Watercooler - Core Datasets

rufuspollock · January 5, 2015, 10:11pm

Place for general discussion.

rufuspollock · January 11, 2015, 1:58pm

Hurrah! We have our first new packaged core dataset thanks to sxren CO2 PPM data · Issue #56 · datasets/awesome-data · GitHub

rufuspollock · January 16, 2015, 1:56pm

US CPI has been a bit neglected and needs a maintainer: US CPI data · Issue #64 · datasets/awesome-data · GitHub

EvilPhil · January 24, 2015, 9:48pm

Anyone in or near London? The ODI are having a meetup Open Data London Meet Up Tickets, Thu 12 Feb 2015 at 18:15 | Eventbrite I don’t know if I can make it but I’m going to try.

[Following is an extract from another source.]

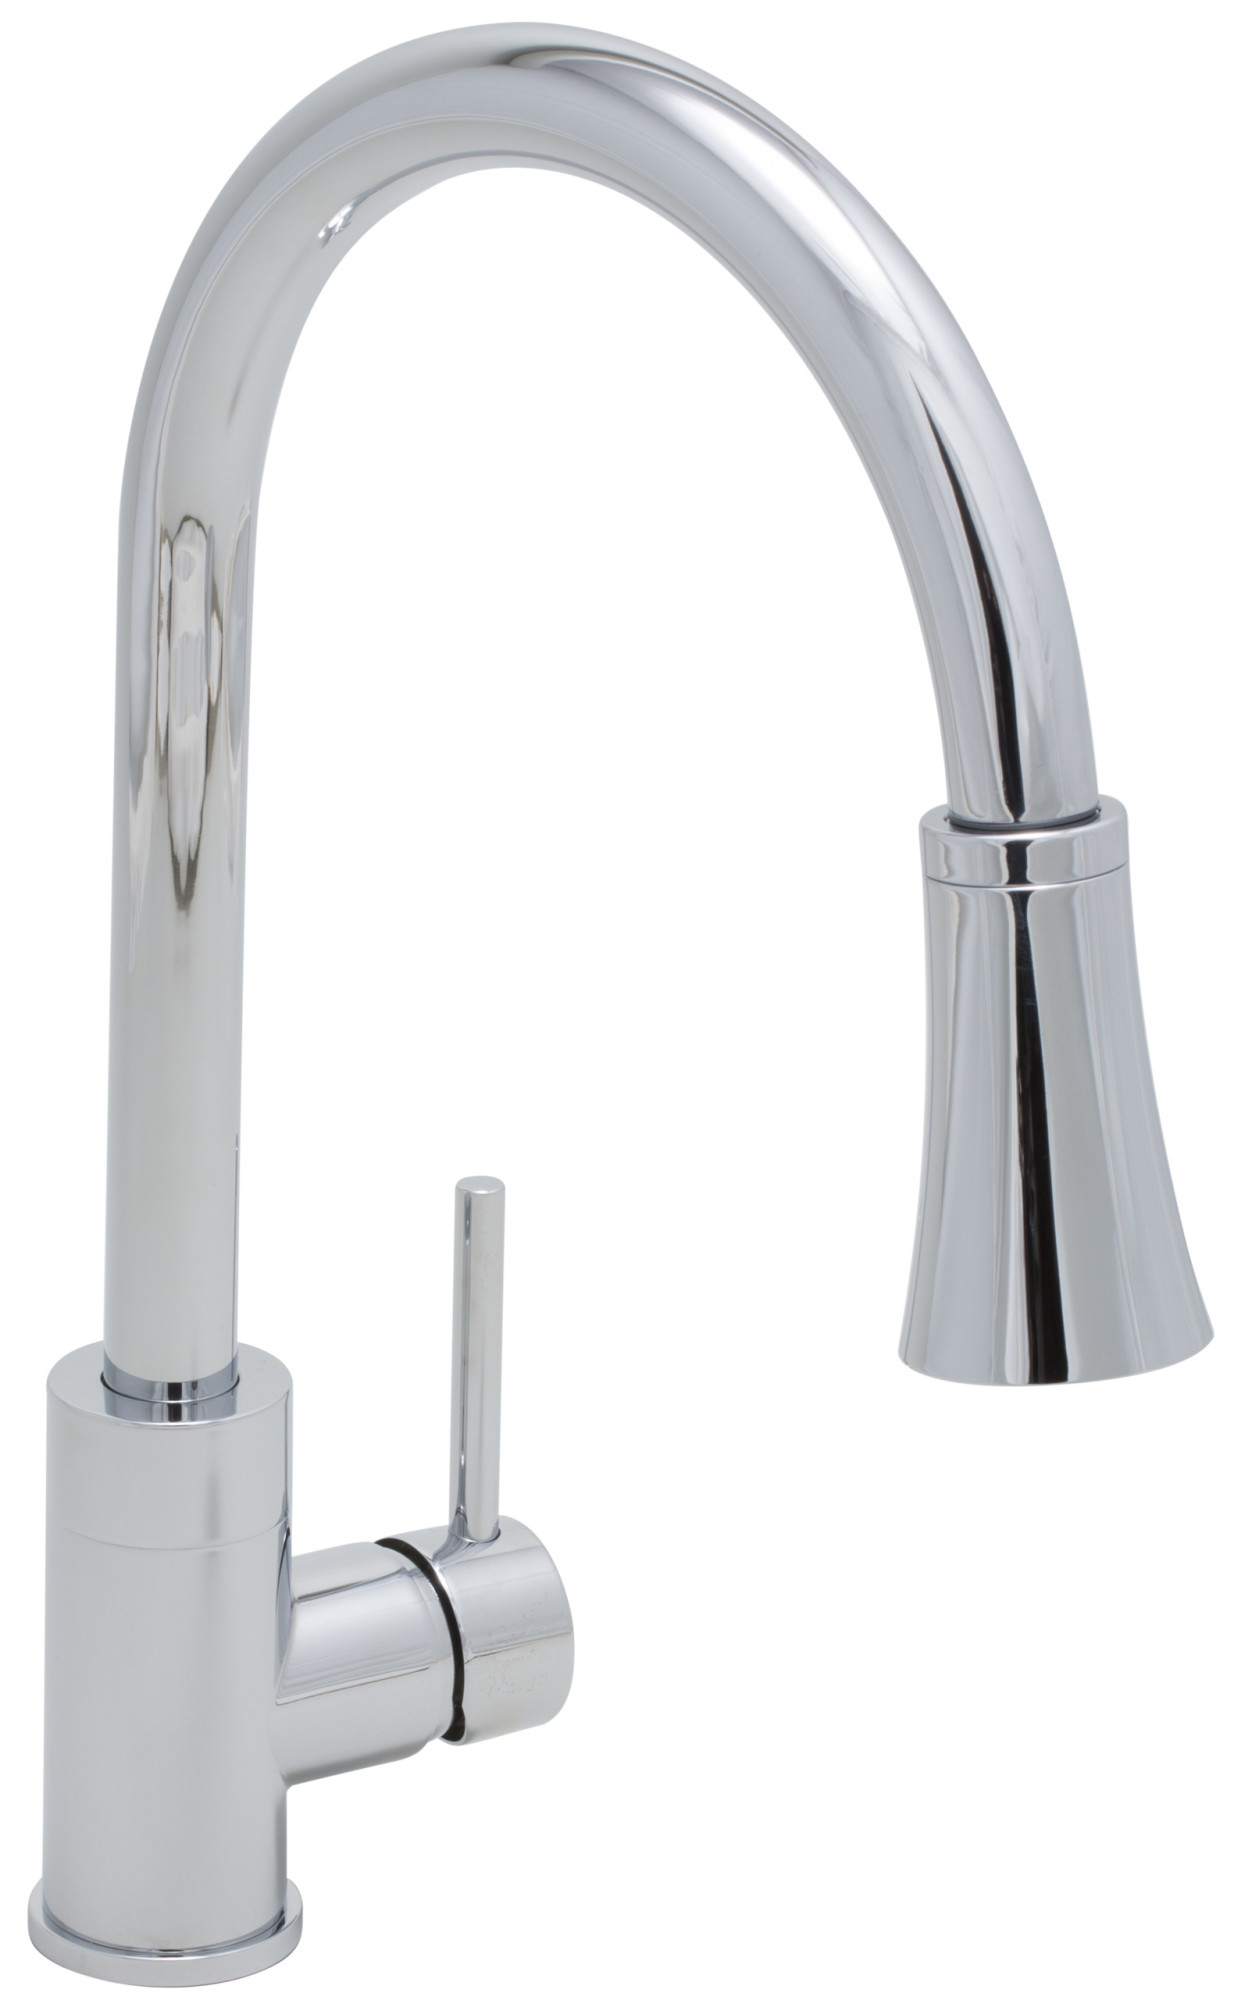 Proflo Pfxc7011 Chrome Pullout Spray Kitchen Faucet With Optional

ekoner · January 25, 2015, 11:05am

I’ve tentatively signed up. It means an overnight stay in London! If I can make it, I’ll come say hello.

Cheers

Edafe

rufuspollock · January 27, 2015, 12:25pm

Hi, I likely can’t make the ODI’s open data london event but I will be running Open Data Maker London on Thursday 5th February (next Thursday):

http://attending.io/events/open-data-maker-london-feb-2015

This is also probably a better venue for working on the core datasets work as more making than talking oriented (plus I’ve made “core datasets” a theme).

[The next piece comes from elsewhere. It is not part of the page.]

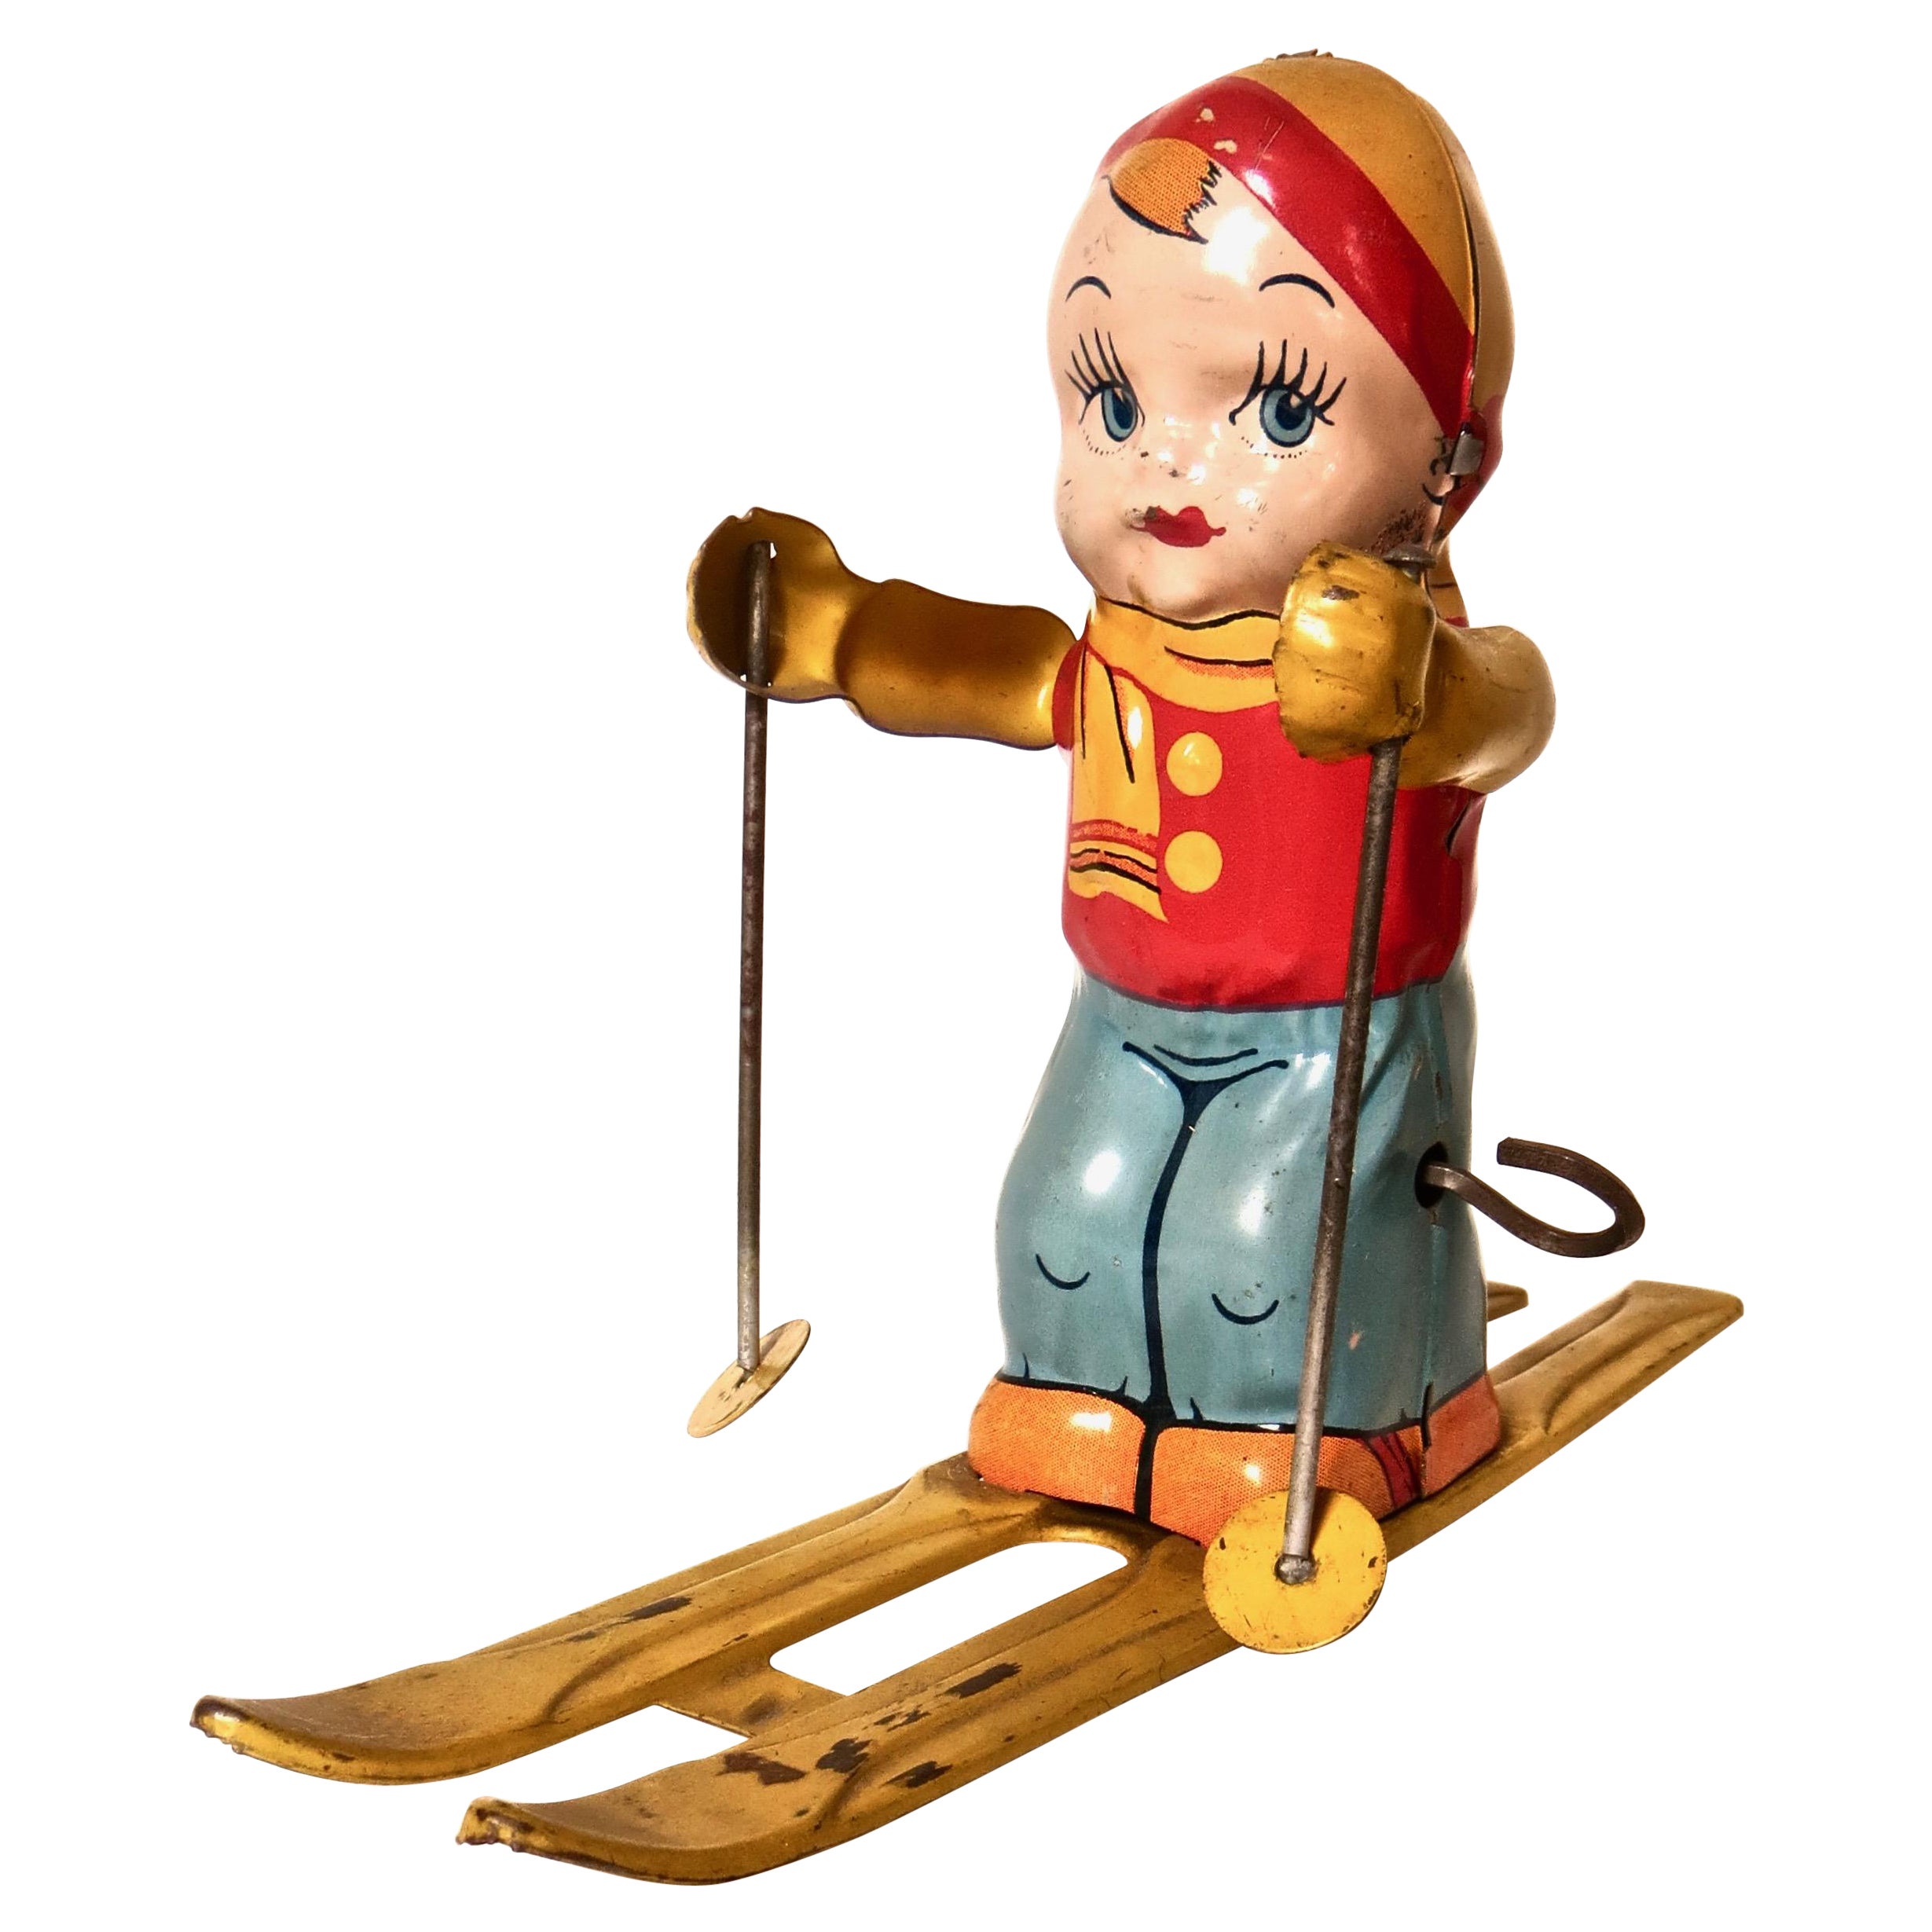 Vintage Tin Wind Up Toy "Boy Skier" by J. Chein & Co. American Circa 1950 For Sale

@ekoner @EvilPhil hope you can make it!

ekoner · January 28, 2015, 6:31am

I hope to make it, depending on my workshop timings. It would be great to speak to someone about the process. It’ll help tie everything together so I can get started contributing.

Cheers

Edafe

rufuspollock · January 28, 2015, 7:51am

@ekoner great - the event runs 18:30 to 21:00 and its no problem if you do not turn up right at the start.

@EvilPhil how about you?

EvilPhil · January 31, 2015, 9:26pm

I don’t know. I will be in London but for training but I’ll see if I can make it. It would be good to meet everybody in person.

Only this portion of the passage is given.